Звучит это примерно так:

— Слушай, отец, у меня на днях случай был. Исповедуется одна девушка, помимо прочих грехов кается в аборте. Знаешь, где-то между раздражительностью и сквернословием. Ну, я её и спрашиваю, мол, давно ли был аборт, да знала ли она тогда, что это грех убийства, ходила ли уже в то время в церковь. Смотрю, мнётся, делает вид, что не слышит. Я не отстаю, повторяю вопрос. И что ты думаешь? Оказывается, что аборт она пойдёт делать завтра!

— Да ладно! Как так?

— Да вот так! Я ей говорю: ты что же, родная, делаешь? Кого обмануть-то хотела? Меня-то можно, а Бога ведь не обманешь. Да разве ж это покаяние — перед убийством «прости» говорить? Много с ней тогда разговаривал. И без толку. Куда, говорит, мне второй ребёнок, нищету плодить… Кем, спрашиваю, муж работает?

— Ну, раз речь о нищете, то дьяконом в сельском храме, поди?

— Да нет, начальник отдела продаж где-то там.

— А, ну да…

Но вернёмся к моему другу. Священник он опытный, и я всегда прислушиваюсь к его советам. Однажды к нему на исповедь подошёл «голубой». Сказал, что недавно узнал, что его сексуальная ориентация является серьёзным препятствием на пути к Богу. В Библии он прочитал о Содоме и Гоморре, которые были стёрты с лица земли из-за крайнего развращения их жителей. Впечатлённый, стал читать дальше и наткнулся на прямой Божий запрет мужеложства. Вот и отправился на исповедь, отягощённый думами.

— Я хочу быть православным, хочу исповедоваться, причащаться, молиться в храме вместе со всеми, не чувствуя себя лишним. Но я ничего не могу с собой поделать. От одной только мысли о близости с женщиной я испытываю настоящее отвращение. Я не сплю со всеми подряд, у меня есть постоянный друг, которому я верен. Но завязать с половыми отношениями совсем я не могу. Я же молодой, как мне от этого отказаться? Скажите, пожалуйста, что мне делать?

И тогда батюшка рассудил следующим образом:

— Хорошо, что ты каешься в этом, но сейчас допустить тебя до Причастия я не смогу.
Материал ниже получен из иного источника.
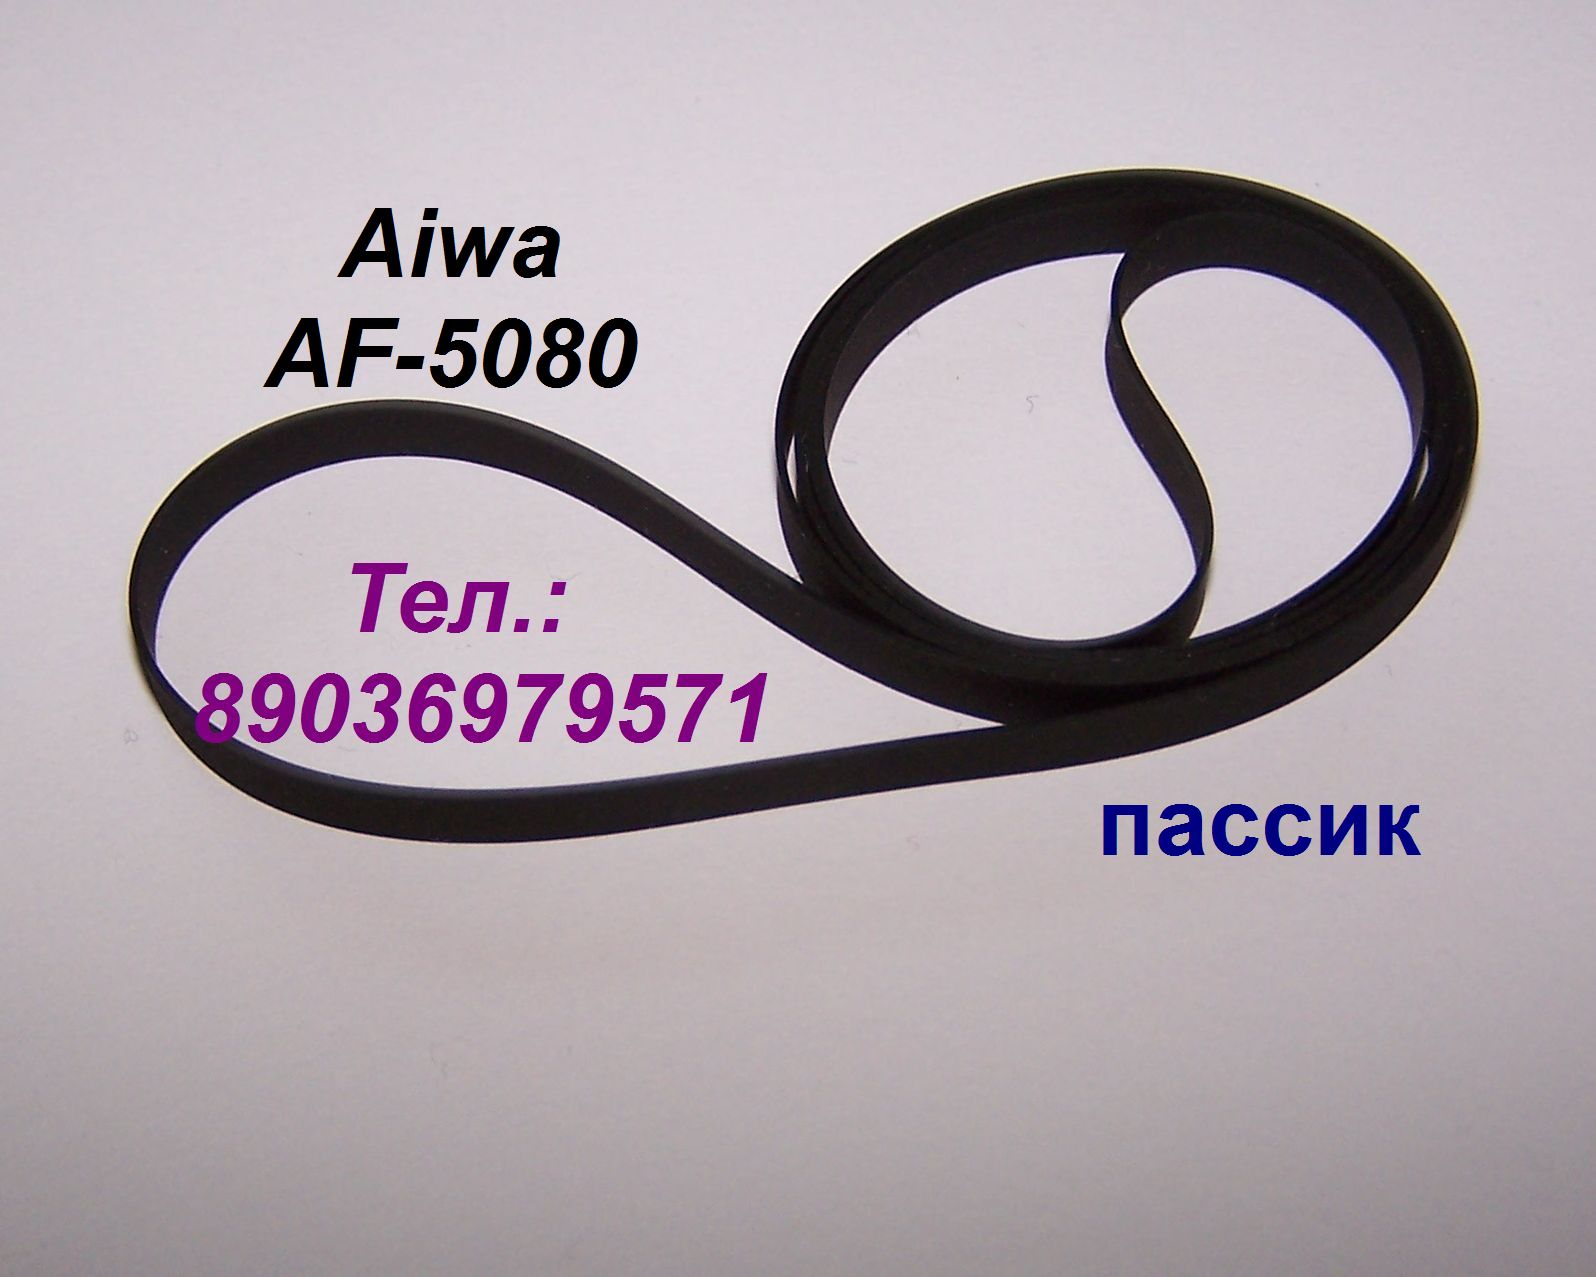 Фирменный японский пассик для Aiwa AF-5080 (пасик для Айвы 5080 Aiwa AF5080) в городе Москва, фото 1, телефон продавца: +7 (903) 697-95-71

Ты сам понимаешь. Духом не падай, будем бороться с этим вместе. Назначу тебе епитимию — определённое молитвенное правило, земные поклоны. Будешь поститься, приходить ко мне на исповедь. Ещё станешь учиться половому воздержанию. Сначала исключи постные и праздничные дни, затем попробуешь выдержать пост многодневный. Я буду за тебя молиться, а ты почаще на исповедь приходи, службы церковные посещай так часто, как сможешь. С Божьей помощью у тебя всё получится.
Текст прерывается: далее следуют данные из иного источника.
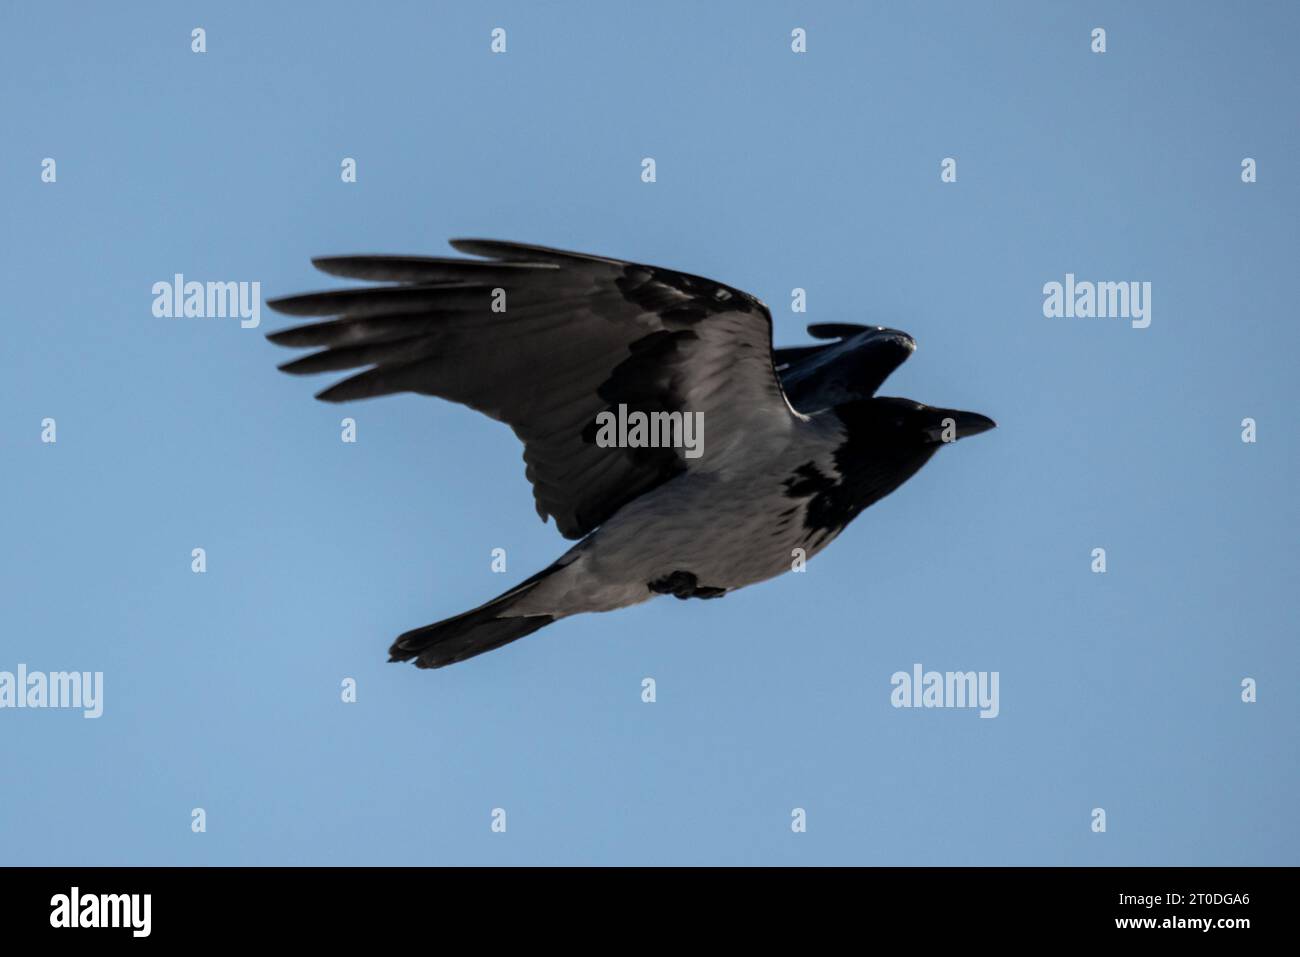 Un corbeau à capuche vole dans le ciel bleu sur une photo de jour, gros plan Banque D'Images

Молодой человек ушел с исповеди радостным, окрылённый надеждой.

Я был очень впечатлён этой историей и часто пересказывал её другим священникам — вот, дескать, где мудрость.
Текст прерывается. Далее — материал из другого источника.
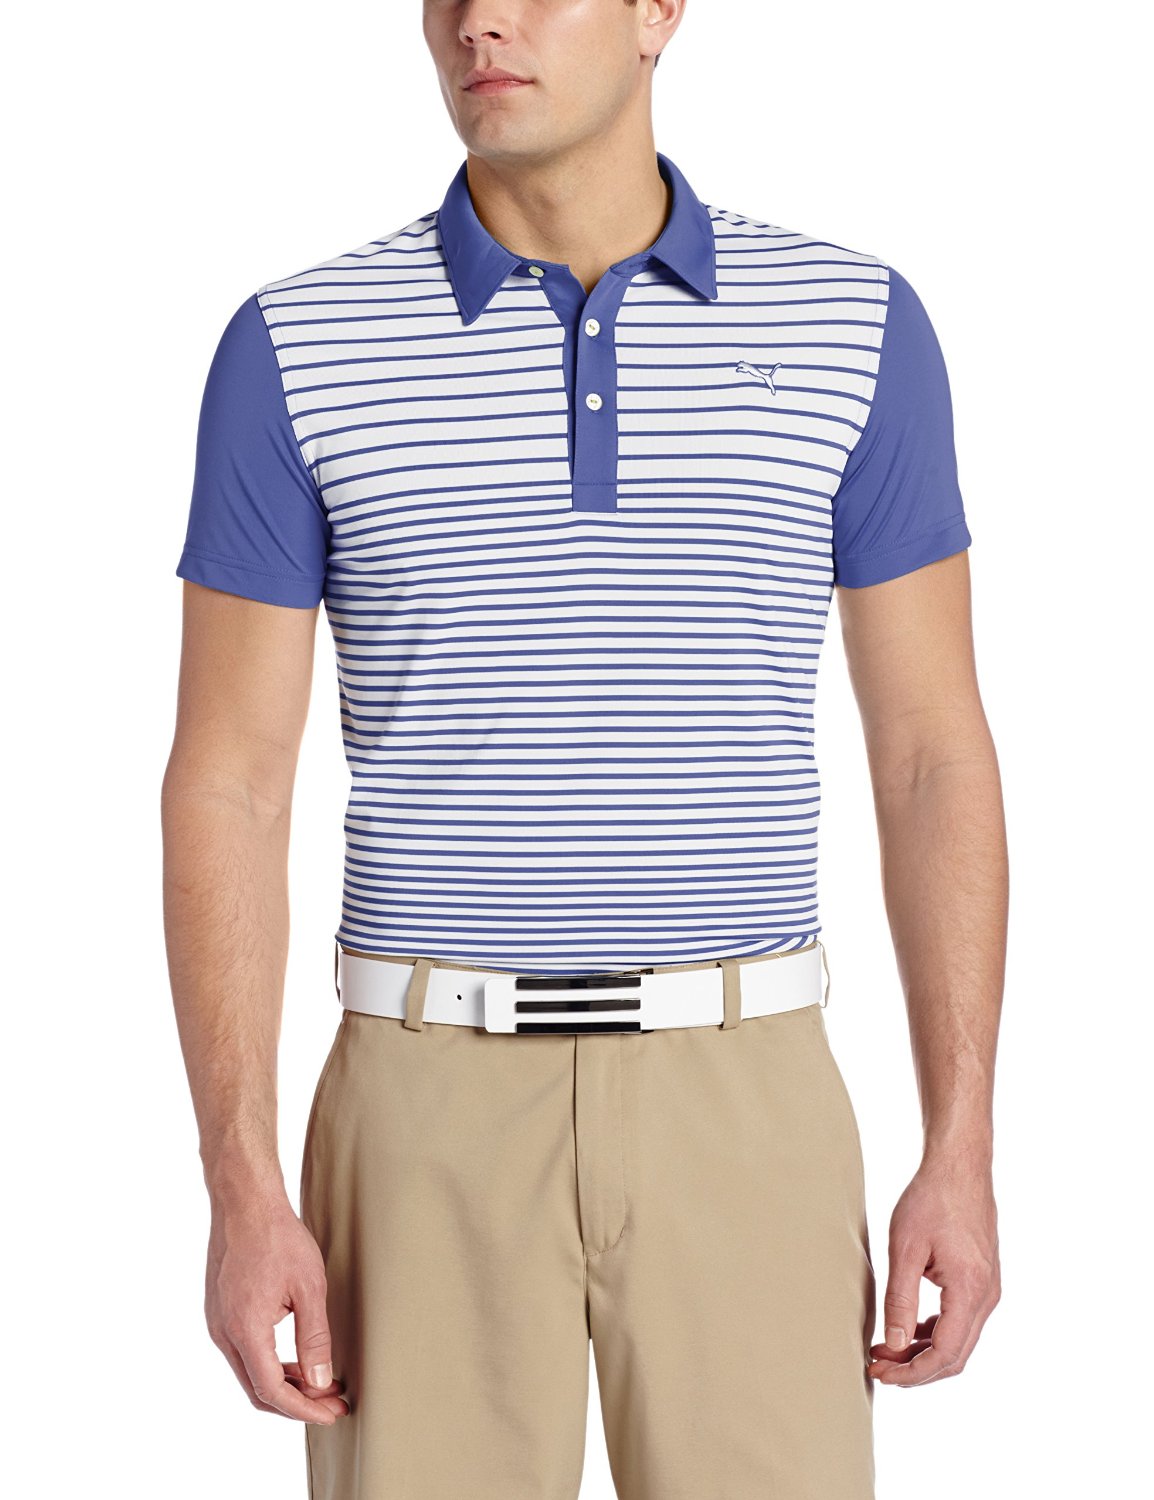 Puma Mens Yarn Dye Stripe Block Golf Polo Shirts

Прошло несколько лет, и уже в другом городе произошёл другой случай. Молодой священник, которого посвятили в сан совсем недавно, принимал исповедь во время Божественной литургии. После службы он рассказывал, что к нему на исповедь подошёл парень и признался, что он гомосексуалист.

— Я сказал ему, — с гордостью поведал тот батюшка своим собратьям, — иди давай отсюда, чтоб я больше тебя здесь не видел! В Церкви нет места извращенцам!

Я был крайне возмущён таким поведением, полагая, что прогнать человека проще всего, а вот принять, выслушать, попытаться помочь — это, видимо, не каждому дано. Около двух месяцев я, вспоминая этот случай, внутренне закипал.

«Да такого попа к исповеди допускать не иначе как через годик-другой, когда созреет!» — думалось мне, якобы зрелому пастырю.

Потом было очередное епархиальное собрание. Доклады, отчёты, налоги, долги… Встретившись с другом, я напомнил ему тот самый случай, о котором он мне некогда рассказывал, а затем поведал о втором. Своё повествование я сопровождал гневными комментариями по поводу грубого и неосмотрительного поведения молодого священника на исповеди.

К величайшему моему удивлению, отец Геннадий не проявил ни малейшего намёка на возмущение. Немного подумав, он сказал:

— А знаешь, отец, может, тот священник и прав. Вот он высказался резко, возможно, даже и грубо, а человек, хотя и обиделся, но зато чётко понял, что Церковь и содомский грех несовместимы. Если он нуждается в Боге, он найдёт в себе силы оставить это и придёт ко Христу.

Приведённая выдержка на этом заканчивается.